→ Information shown
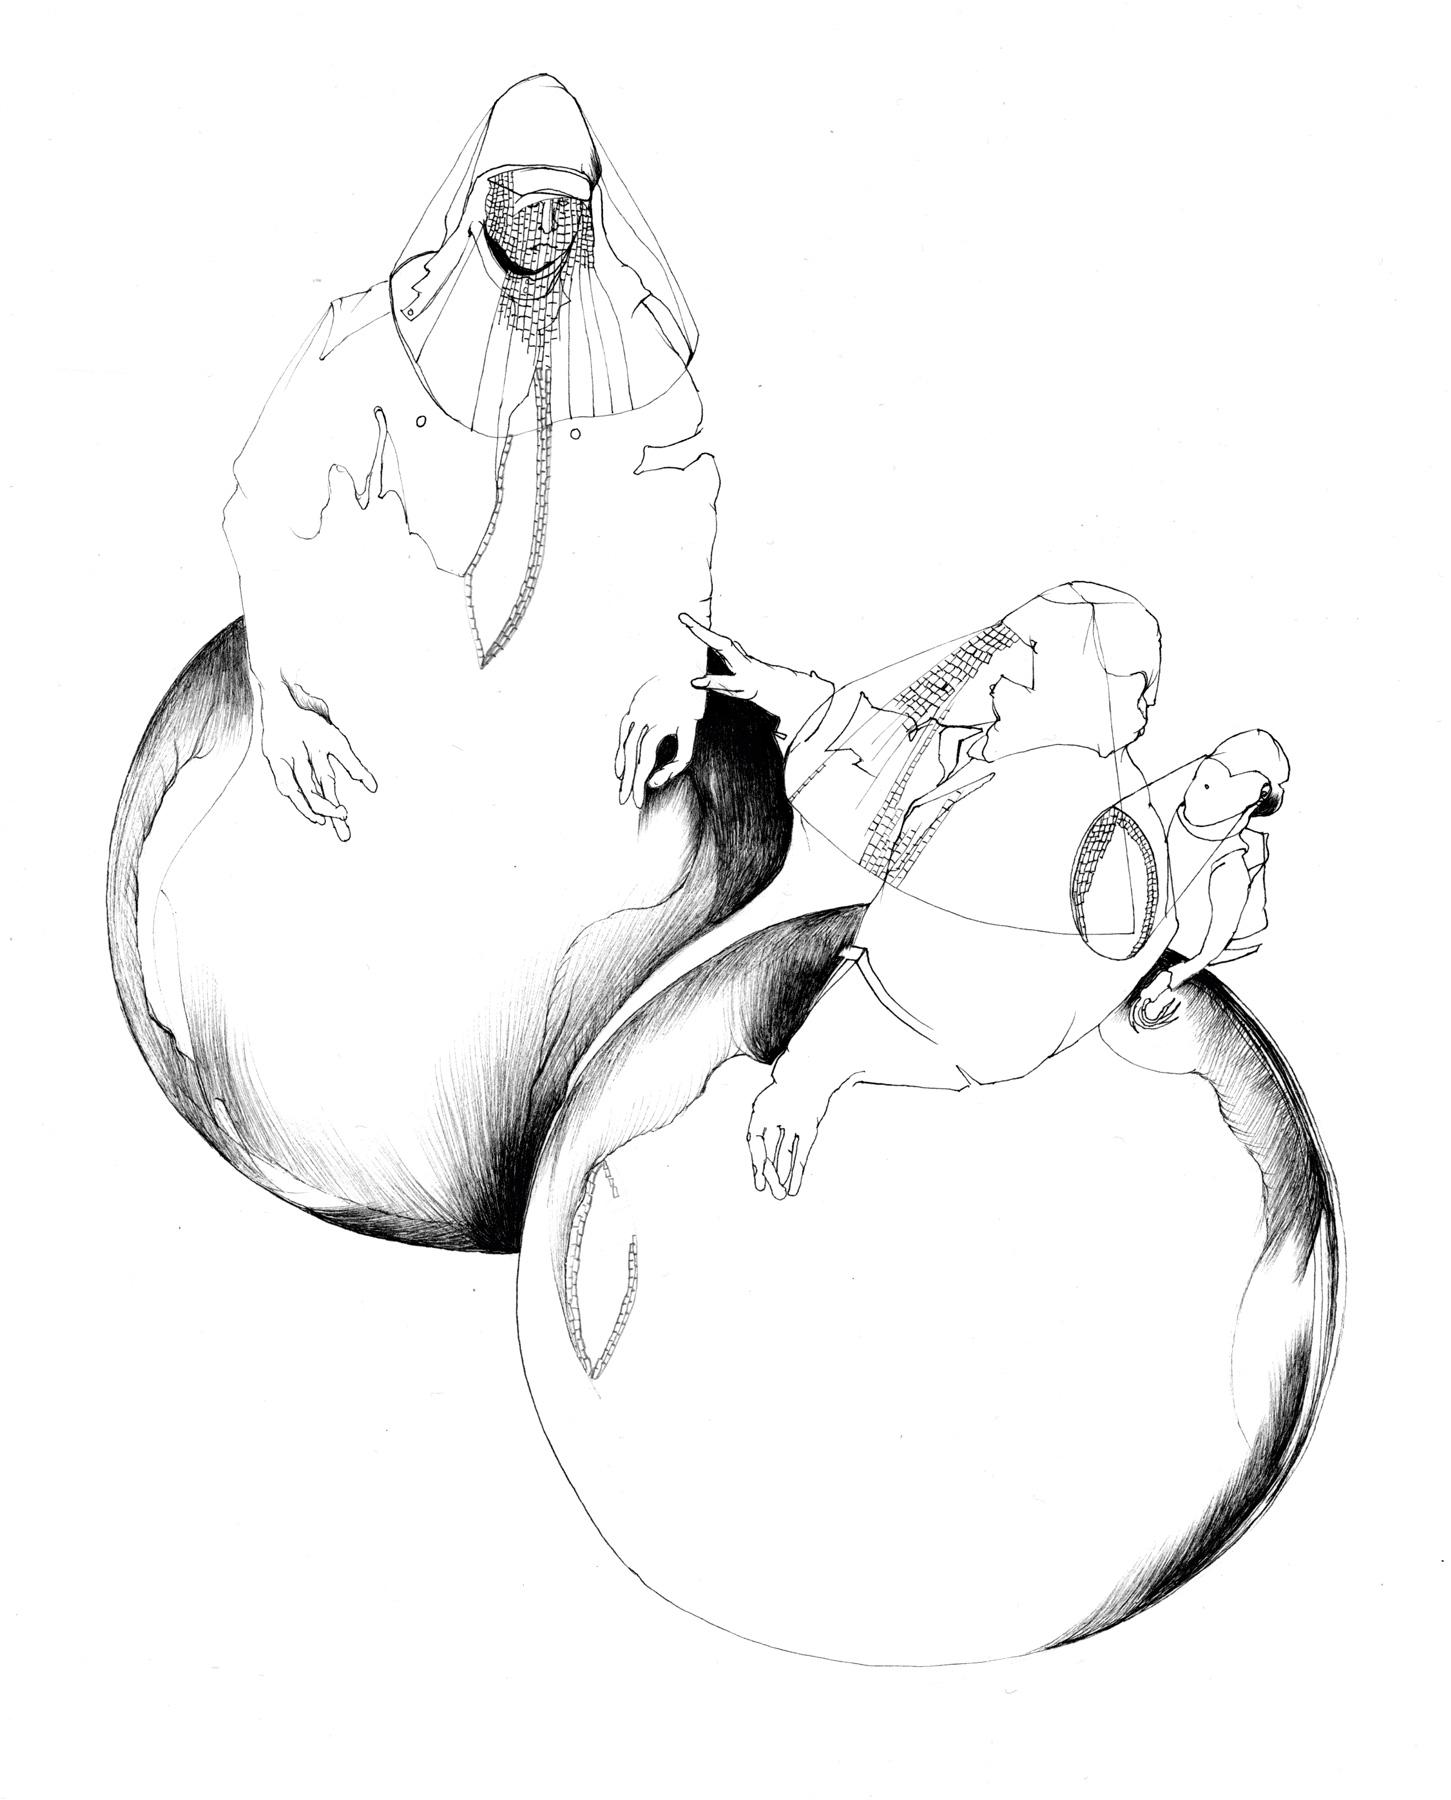 Nina Annabelle Märkl   Shadowboxers – Artist book   Ink on paper   35 x 26 cm   2011
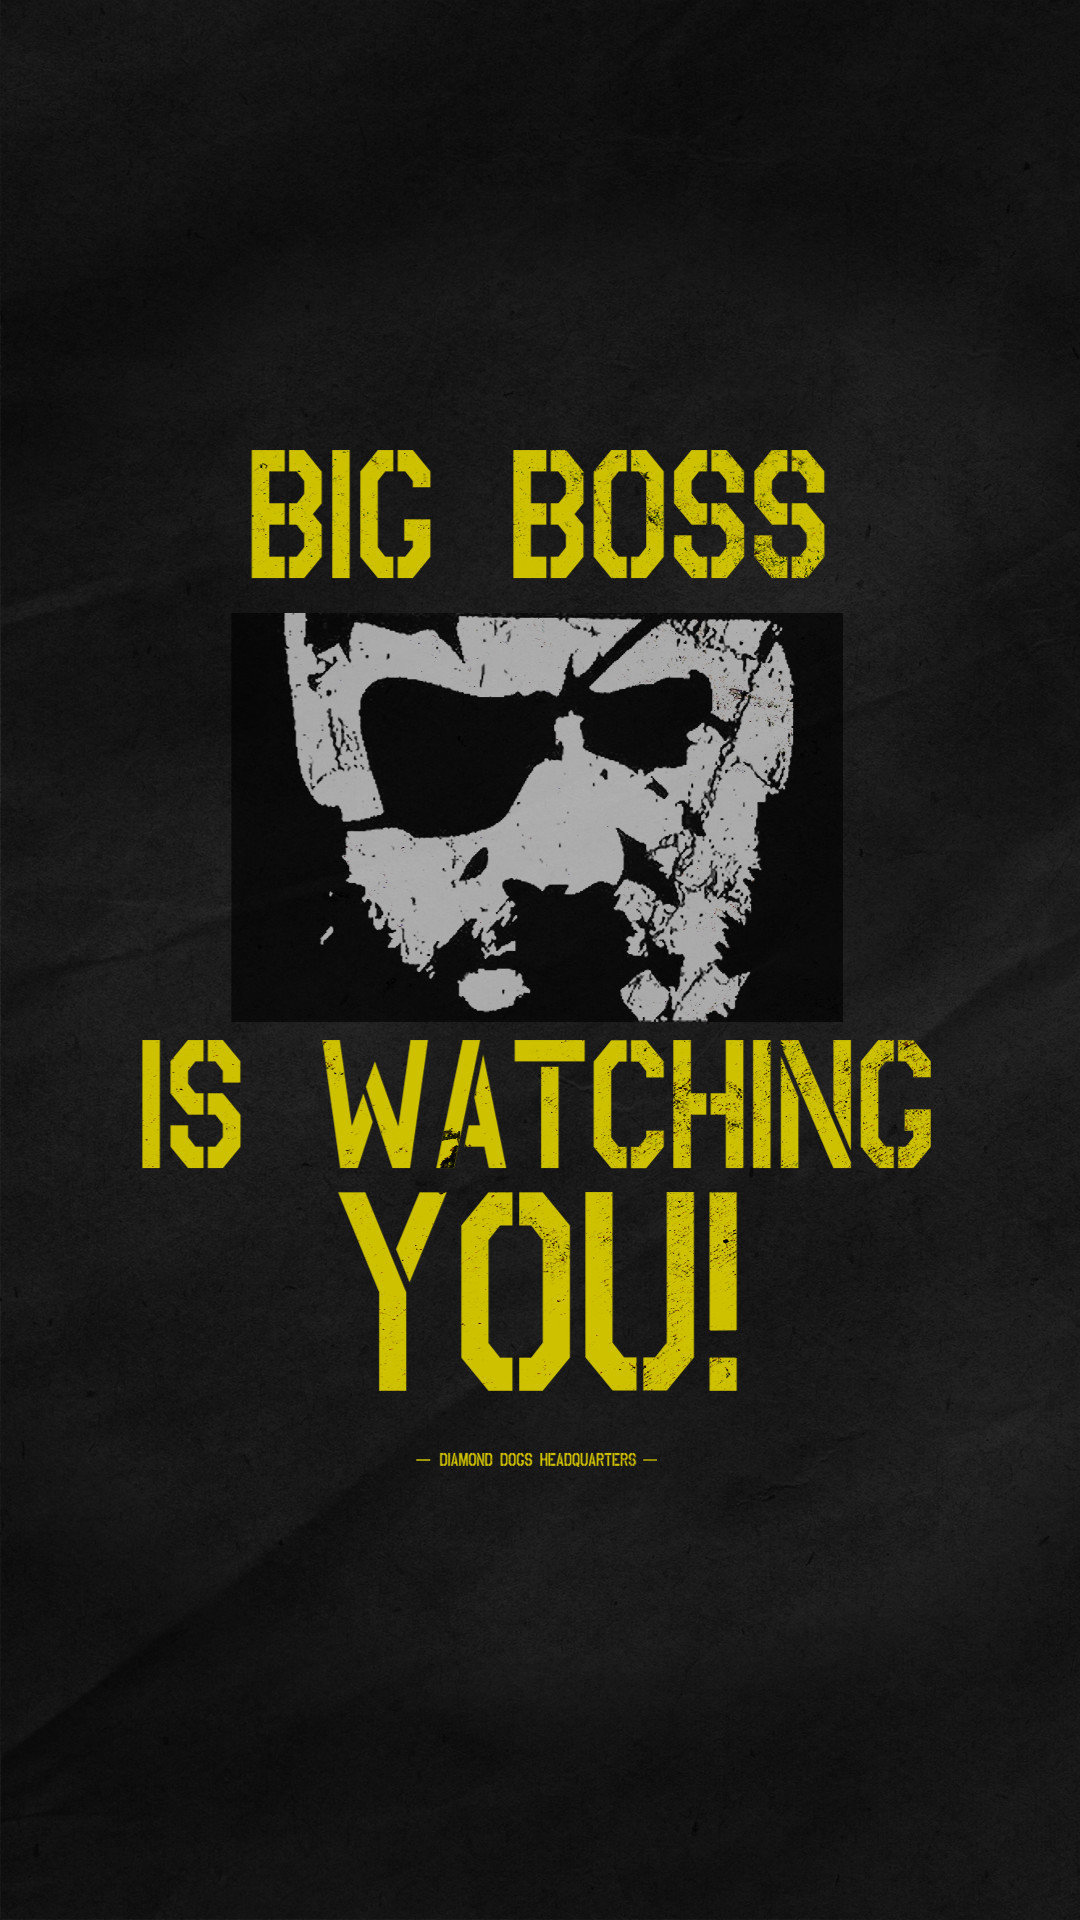 Póster de Big Boss Metal Gear Solid V The Phantom Pain #MGSV #MGSVTPP #
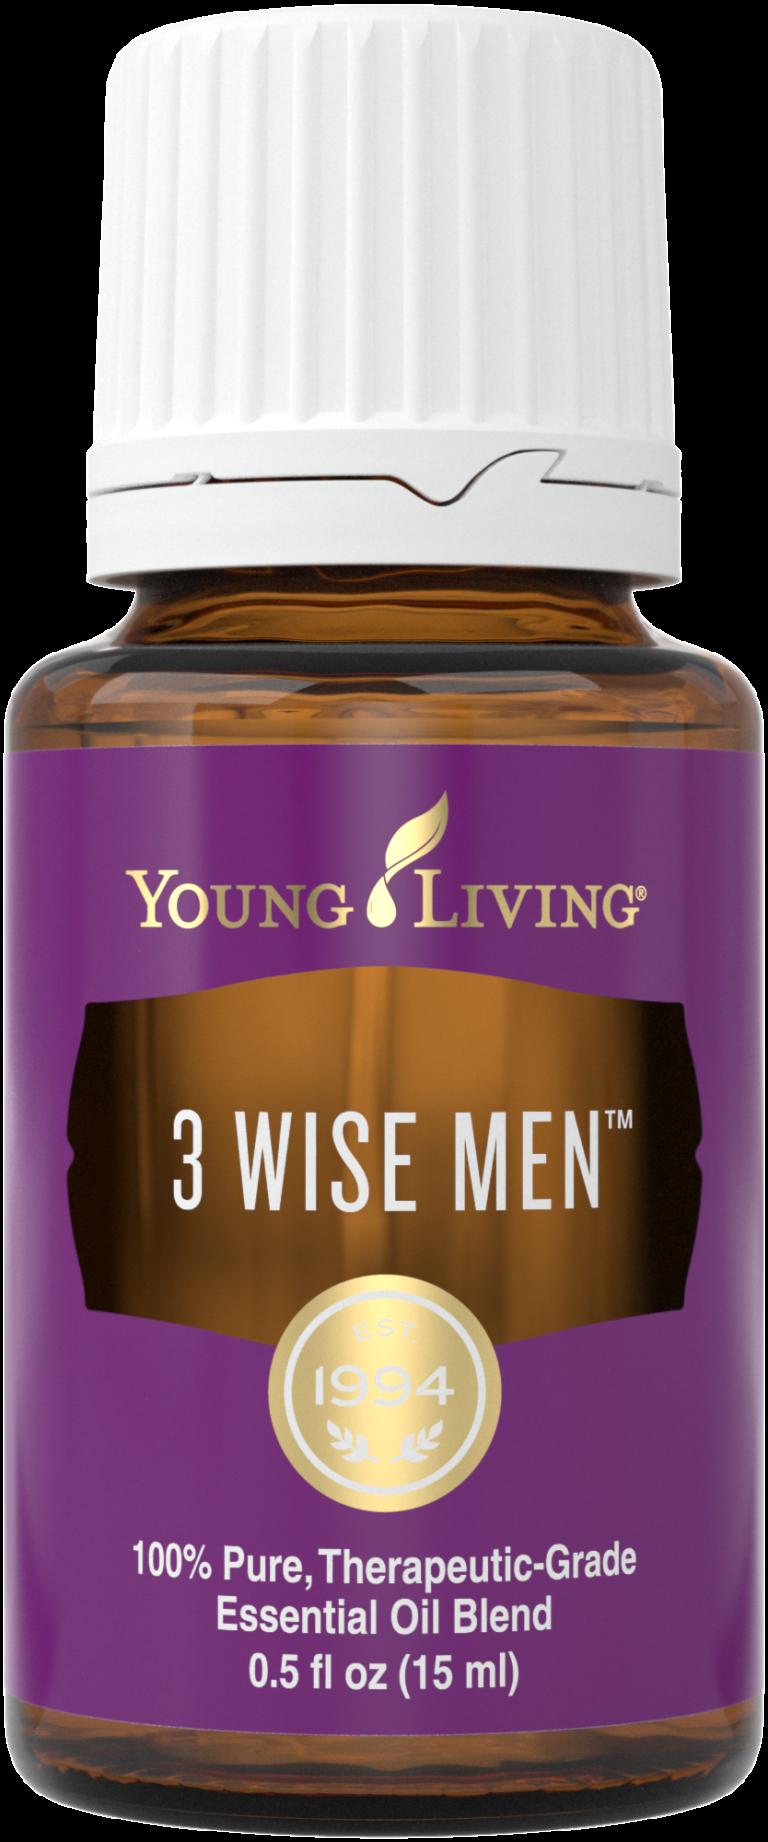 3wisemen
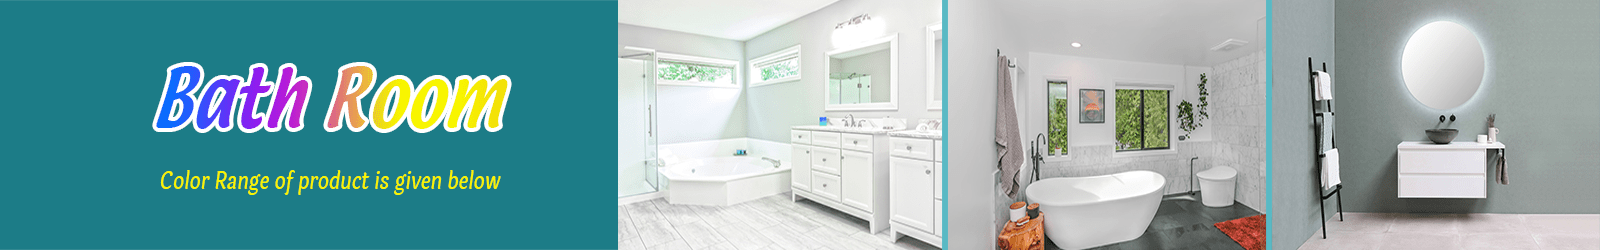 Bath Room-min

→ What is needed
Only the pictures are to be left out; the rest of the material above should be printed verbatim.

→ Exercise solution
 Nina Annabelle Märkl   Shadowboxers – Artist book   Ink on paper   35 x 26 cm   2011
 Póster de Big Boss Metal Gear Solid V The Phantom Pain #MGSV #MGSVTPP #
 3wisemen
 Bath Room-min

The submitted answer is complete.